▶ **INSTRUCTIONS TO FOLLOW**
Everything from the line containing "Onkruid • Gras en Groen Winkel" through the last line of the data below is to be retyped exactly, apart from the pictures.

+++ INFORMATION SUPPLIED +++

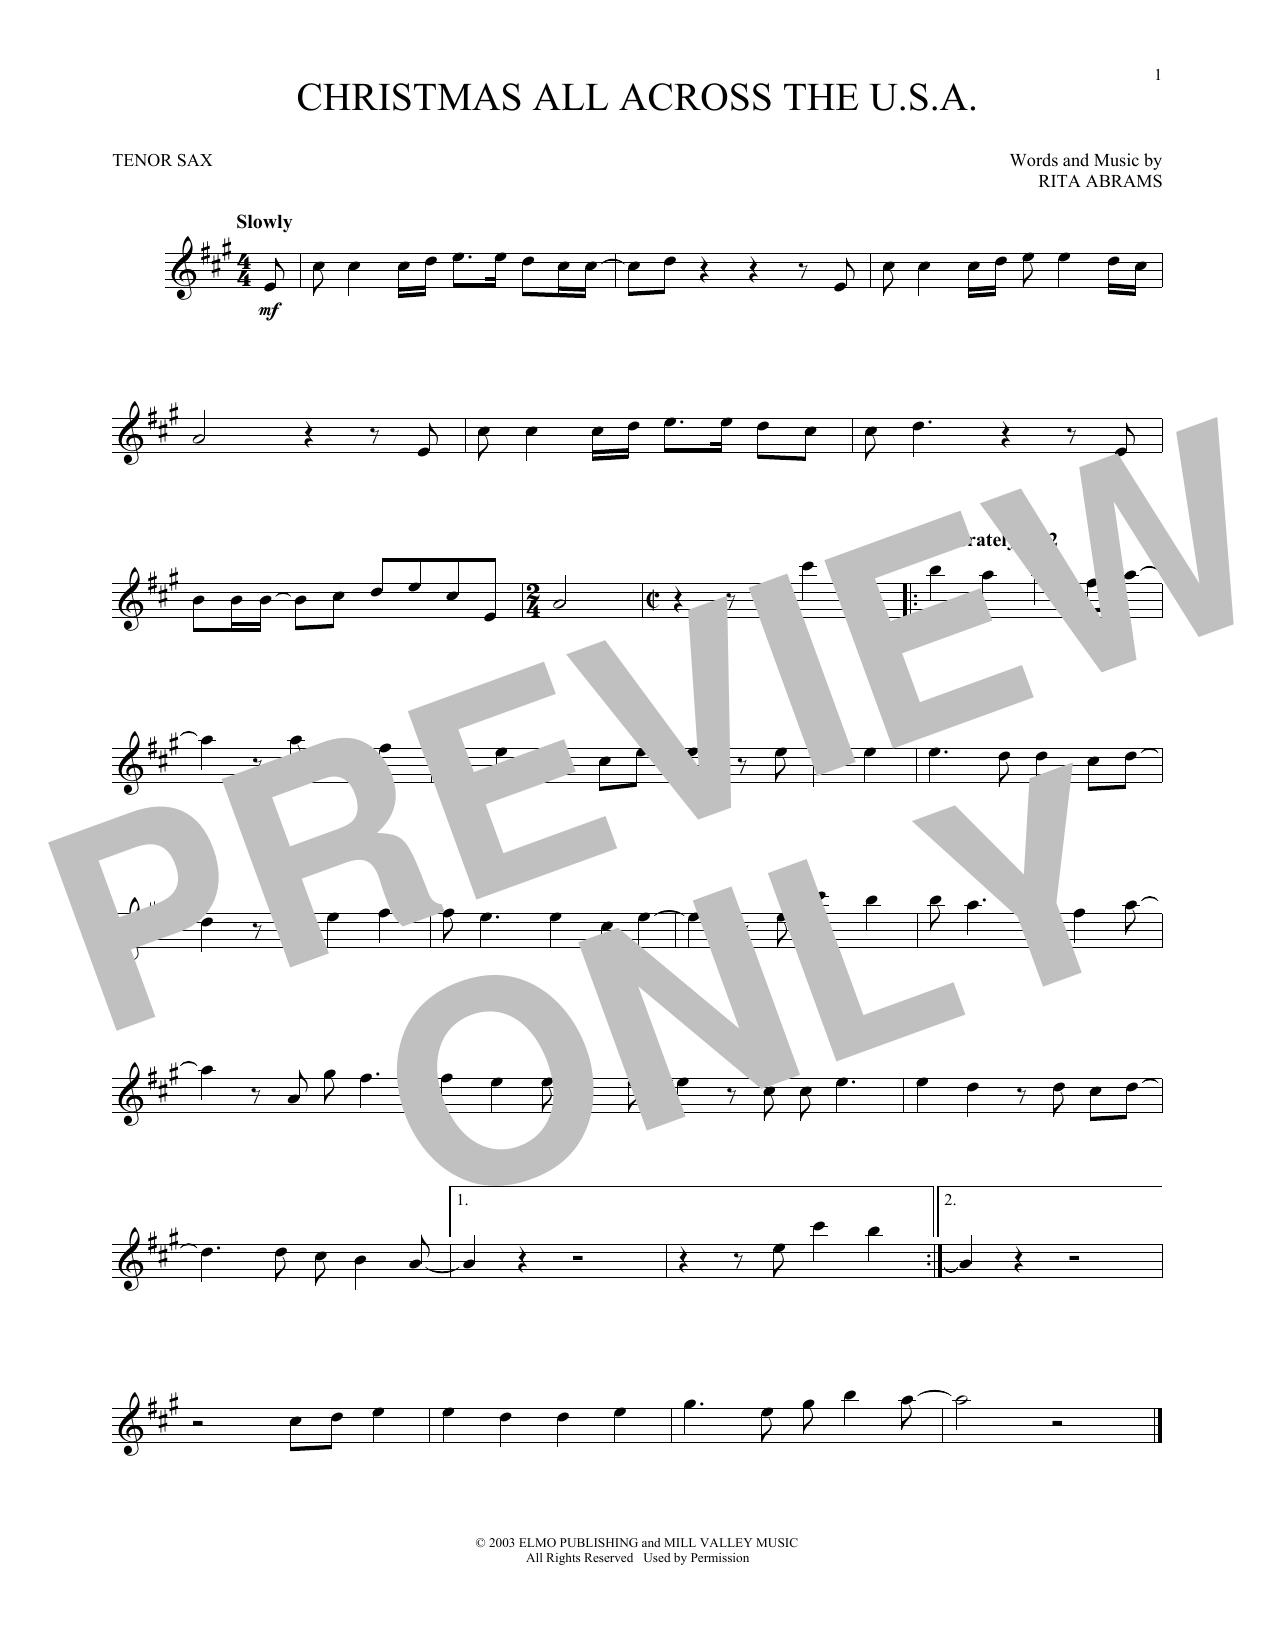 Christmas All Across The U.S.A. (Tenor Sax Solo)
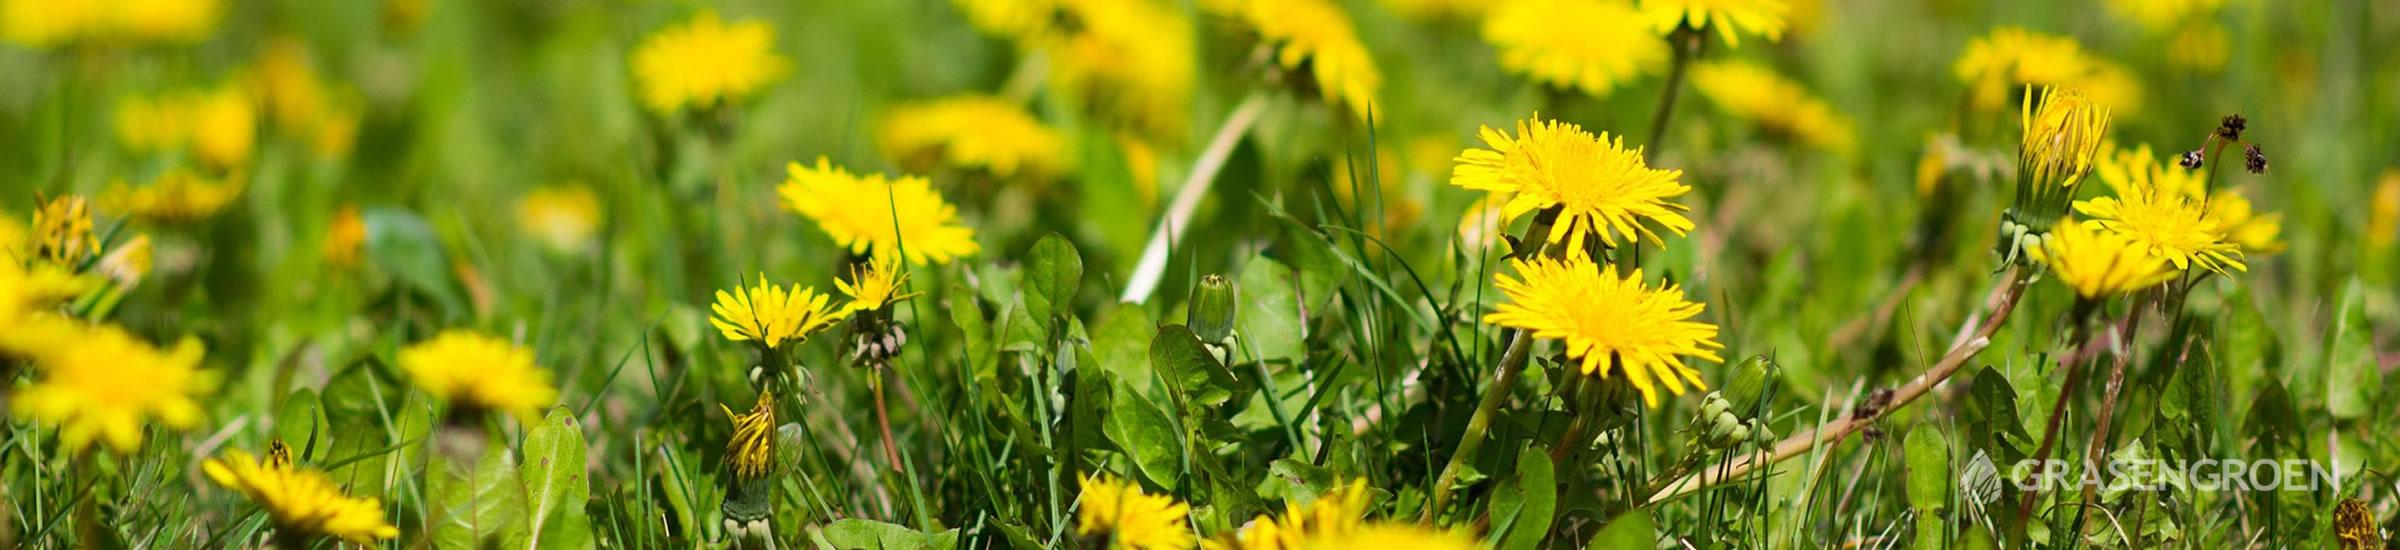 Onkruid • Gras en Groen Winkel
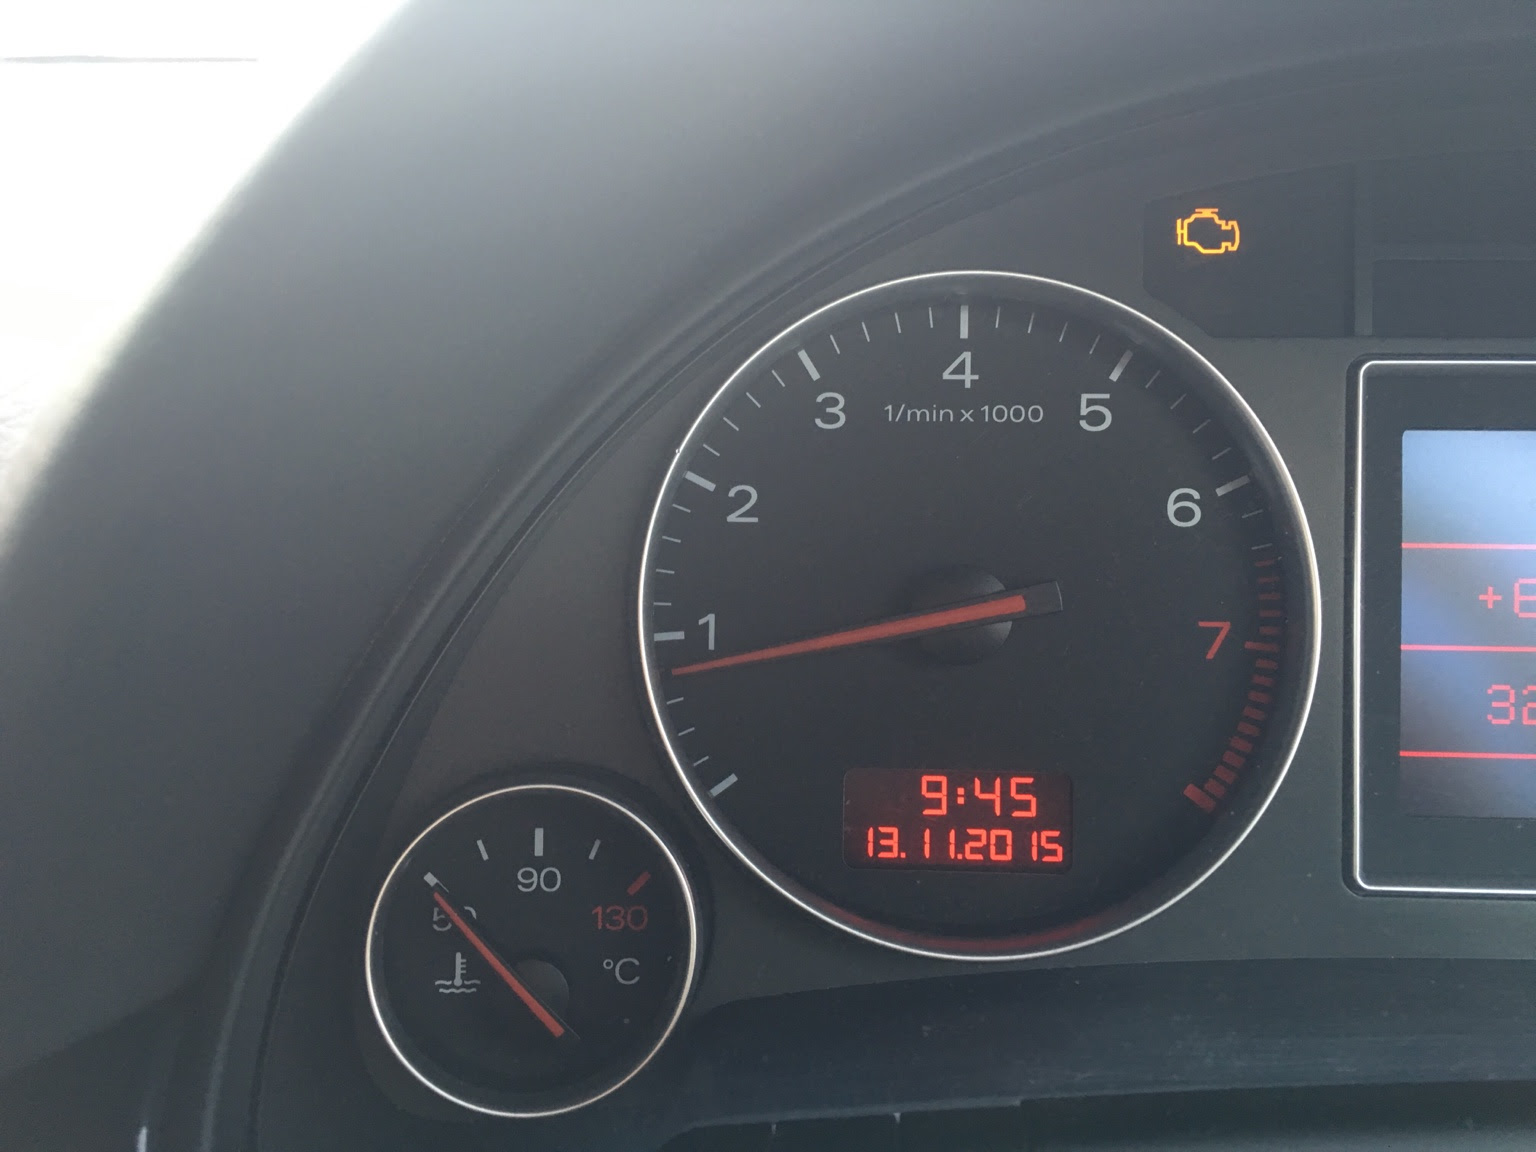 Audi A4 20 Tdi Engine Management Light

+++

▶ **OUTPUT OF THE TASK**
 Onkruid • Gras en Groen Winkel
 Audi A4 20 Tdi Engine Management Light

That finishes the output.